Though it edged out Sri Lanka in the recent VB Series in Australia, England's fortunes look fairly bleak. Placed in a strong group, it will need to pull off a win against Australia, India or Pakistan to have any hope of making the Super Six. A possible boycott of Zimbabwe might just be the last nail in their 2003 World Cup coffin. In Michael Vaughan, England has a fantastic stroke-maker who has proved capable of succeeding against the very best. When on song, Nick Knight and Marcus Trescothick are damaging openers who can score quickly. Paul Collingwood was a major part of England's campaign in the recent ODI series in Australia. Barring Andy Caddick and Mathew Hoggard, England's bowling does not seem capable of troubling strong batting line-ups.

Zimbabwe will have to perform despite political distractions. It must beat India, Pakistan and Australia to have a likely shot at the Super Six stage. Zimbabwe's fortunes will depend on brothers Andy and Grant Flower. Andy Flower is presently one of the best batsmen in the world and his batting, along with Grant's, will be vital in important games. The team is well organised and fields outstandingly but lacks batting and bowling firepower required to scale the heights. Given the relative strength of Australia, India and Pakistan this time, Zimbabwe does not look to be the threat it was in 1999.

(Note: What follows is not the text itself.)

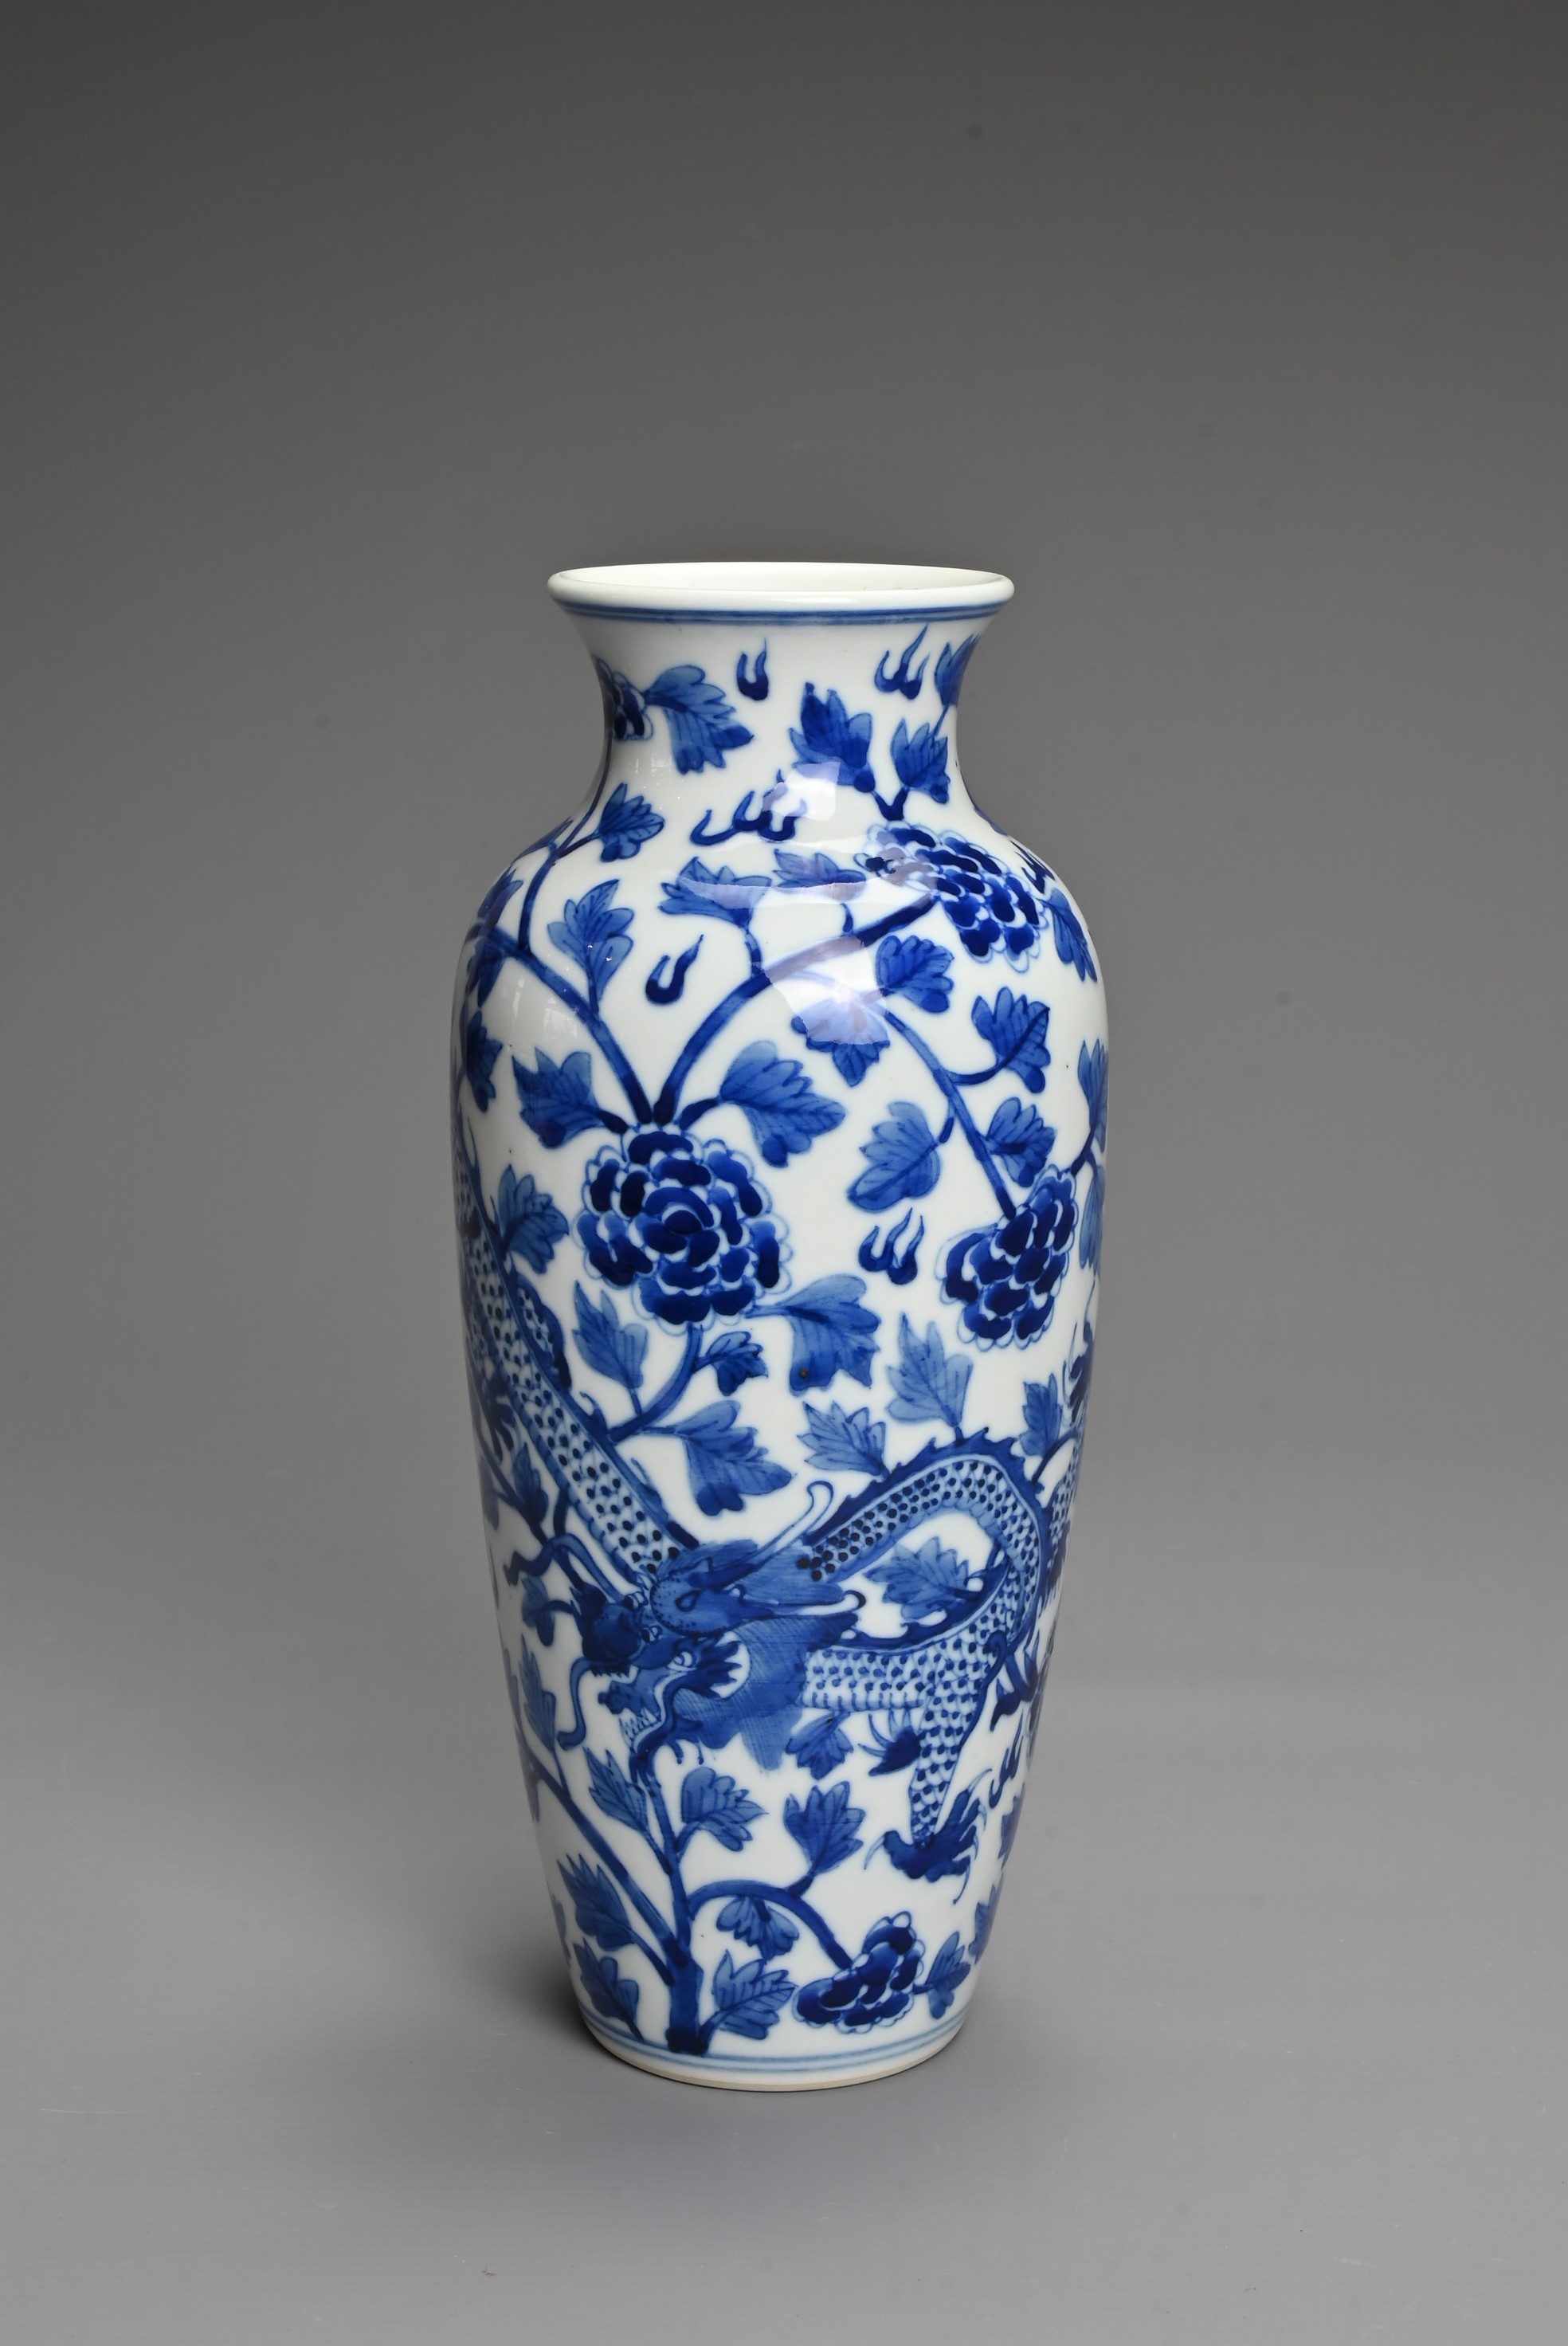 A CHINESE BLUE AND WHITE PORCELAIN VASE. Decorated with a dragon and leafy peony scrolls with flat

WITH 14 teams in the fray, the pool for this World Cup is larger than ever before and the tournament itself is longer than any previous edition. With the inclusion of Namibia, Canada, Holland, Bangladesh and Kenya in the competition, several one-sided contests seem to be in store. Realistically these lesser teams have little hope of a respectable performance against the established teams. The ICC will do well to evaluate the performance of these teams against the A teams and the Under-19 squads of established cricketing nations over a period of time before allowing them into the World Cup.

This World Cup has had its share of controversies. It is now time for the real action to begin and time to put cricket first.